Kids firearm safety is often thought about but rarely addressed. In this day and age we have more firearm owners in the United States than ever before. Many new gun owners ask how to own a gun while still keeping their children safe. The common answer is hide the gun or put it in a safe.
Well, if you think back to your childhood, one of your best skills was hide and seek. Most often Santa Claus’s true identity was discovered by kids using this technique. So I’m not an advocate of the hide and seek method of firearm safety in the house. The next alternative is to buy a safe. This is a better solution and should always be used, but a safe in of its self does not address firearm safety with our children.
Some years back I was attending an Instructor Development Course. This is a course that instructs Law Enforcement how to teach. For our final we had to compose and teach a course on any subject we wanted to teach. One student gave their presentation on basic golf and another gave a presentation on woodworking. I gave my presentation on Firearm Safety in the home. My presentation specifically addressed firearm safety for your children. At the start of the class I set a mouse trap, unused of course. I explained to the class that I was not holding a mouse trap. . . It was a gun. I set the trap then told the class the gun is now loaded. As I was setting the mouse trap, carefully, not to set it off on my finger and look like an ass, I explained how this gun is my pride and joy. I just purchased it and it is loaded. I passed the mouse trap (gun) to the first student (cop). I kindly asked him not to set the gun off and don’t shoot the person next to him. I instructed the class to pass the loaded gun to the person next to them and continue to pass the gun until instructed to do otherwise. The trap was passed around the class at least twice without setting it off. As they were passing the trap I began to explain that with a class full of professional officers I was able to get you to pass this loaded gun to each other disregarding everything you were ever instructed about safe gun handling. I most certainly can get your child, with no weapons instruction, to hold a gun. At that point the light came on. The next person holding the trap carefully unset it and passed a safe and unload firearm to the person next to him. The point of this exercise was not only to get the attention of the class but to help the students see how vulnerable our kids could be. If we, as trained professionals, can be caught up in the moment so can our children.

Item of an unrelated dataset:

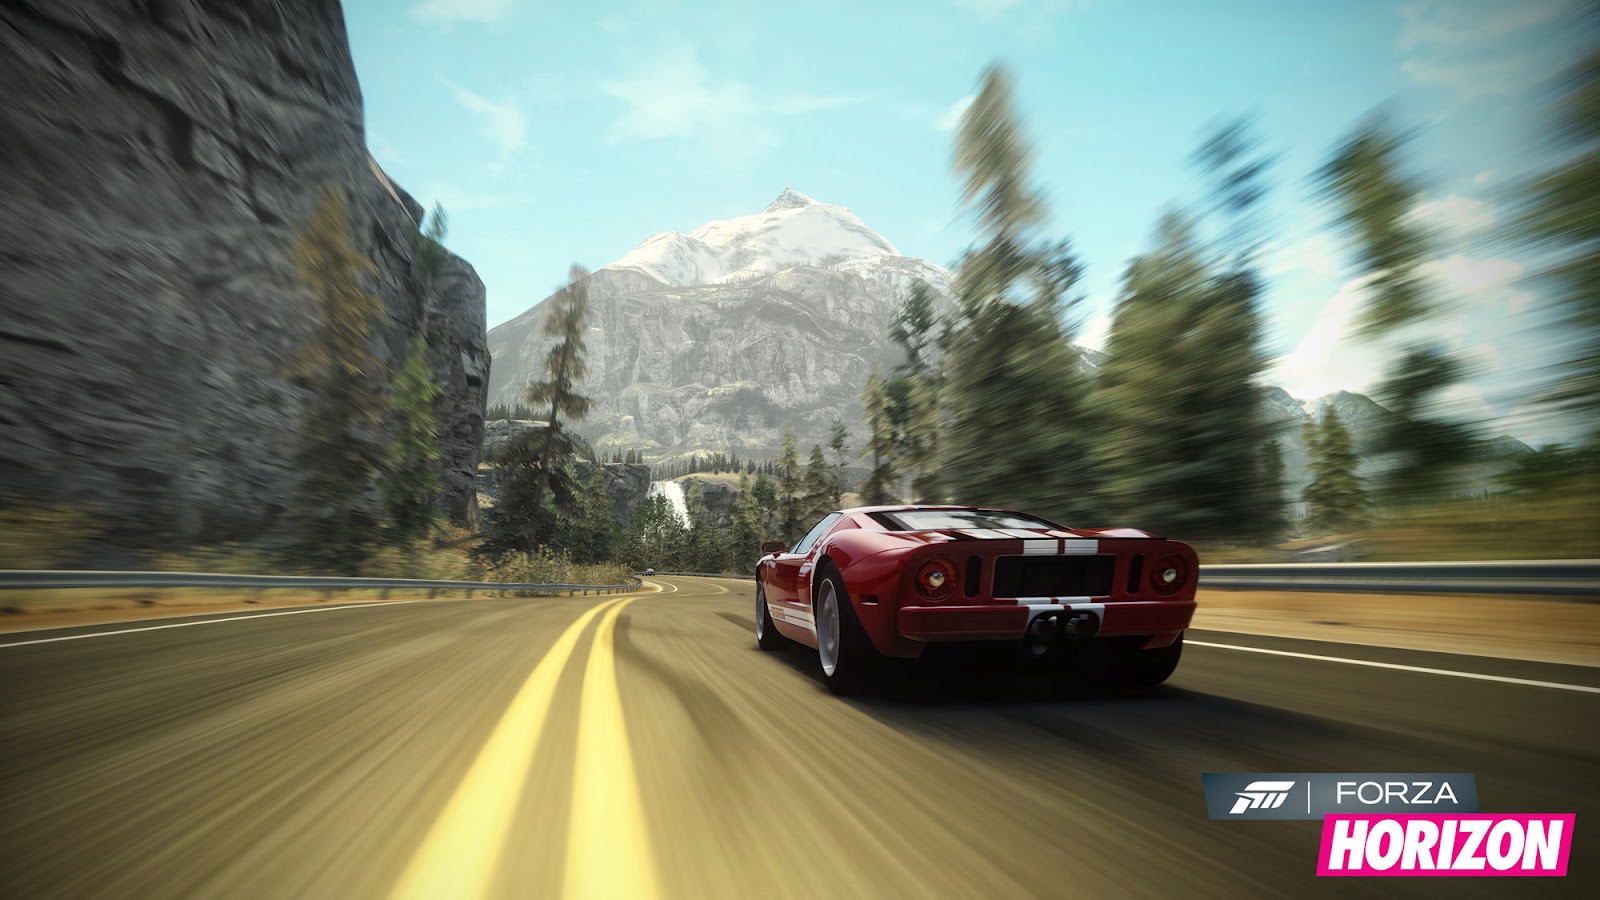 Forza Horizon HD & Widescreen Wallpaper 0.41242992497238

So now I’ll ask you. How safe is your house? Are your guns secured away? If you’re reading this chances are you’re already aware of the dangers of irresponsible gun ownership. So, most of you have your guns locked away from the little hands. If you’re like most Americans you may allow your children to visit or play over relatives and friends houses. I asked a law enforcement class of students if they perform a “protective sweep” when walking into a house to insure no danger awaits them. Protective sweeps are a common practice for law enforcement in many situations that will allow the officer to check the area of a structure so they can deem it safe while they perform their duties. I asked the class how many officers with children perform a protective sweep of the home they are dropping their children off to visit or play at. Well, I’m sure you can guess the answers . . . None. This is not to criticize anyone or judge a parent. That question is setting up my next point. I know you are not going to do a protective sweep of your sons or daughters friend’s parents’ bedroom. Chances are if you try that you and Jr. will quickly be asked to leave. I know this practice is unrealistic so here’s my suggestion. Educate!!
You, as a responsible gun owner, can lock away your guns, hide the bullets, replace the sheetrock on the wall with rubber padding, and cover all the electrical outlets but at some point your pride and joy will find himself or herself in a potentially dangerous situation and the only thing that they will be able to rely on is the education taught by you. Simply saying “don’t touch a gun” is just not enough. What worked for me as a child, and what I’ve passed on as a father, is to take the mystery out of the gun. Take away the curiosity. When is the best time to start educating the child? Answer, the first time they show an interest in the gun. Sitting down with them in a safe controlled environment and taking the time to explain what the gun is, and what it can do, is key.
All weapons handling should be safe and controlled. Weapon unloaded, muzzle pointed in a safe direction (no muzzle sweeps) finger always off the trigger are the cardinal rules of safety. BTW, nearly every child first learning how to safely handle a weapon will try to put their finger on the trigger. Make that correction immediately. Once safe handling of the weapon is underway, begin teaching the child what to do if they find a weapon, what to do if their friend shows or wants to show them a weapon, and why they should react in the prescribed way. Now, after your child is safely introduced to the weapon, start all over again. My cardinal rule is almost no matter what I’m doing, anytime my son wants to “see a gun” I must make the time for him and show him the gun and rehearse the safety rules. Why do I respond like that? My child must know he has the ability to handle a weapon anytime he desires. There is no need to handle a weapon behind dads back. The curiosity is satisfied. It’s a matter of asking. After some time it will be like that new X Box game he had to have so bad, ahhh, it’s okay every once in a while, it gets boring. Once the curiosity is replaced by the education, you are now on the right track.
Keeping this balance is a perishable skill. Don’t ever think it’s over and you’ve succeeded in your mission. It’s a matter of maintaining what you’ve started, a very expensive Christmas tradition. Stay safe and enjoy the sport with your children.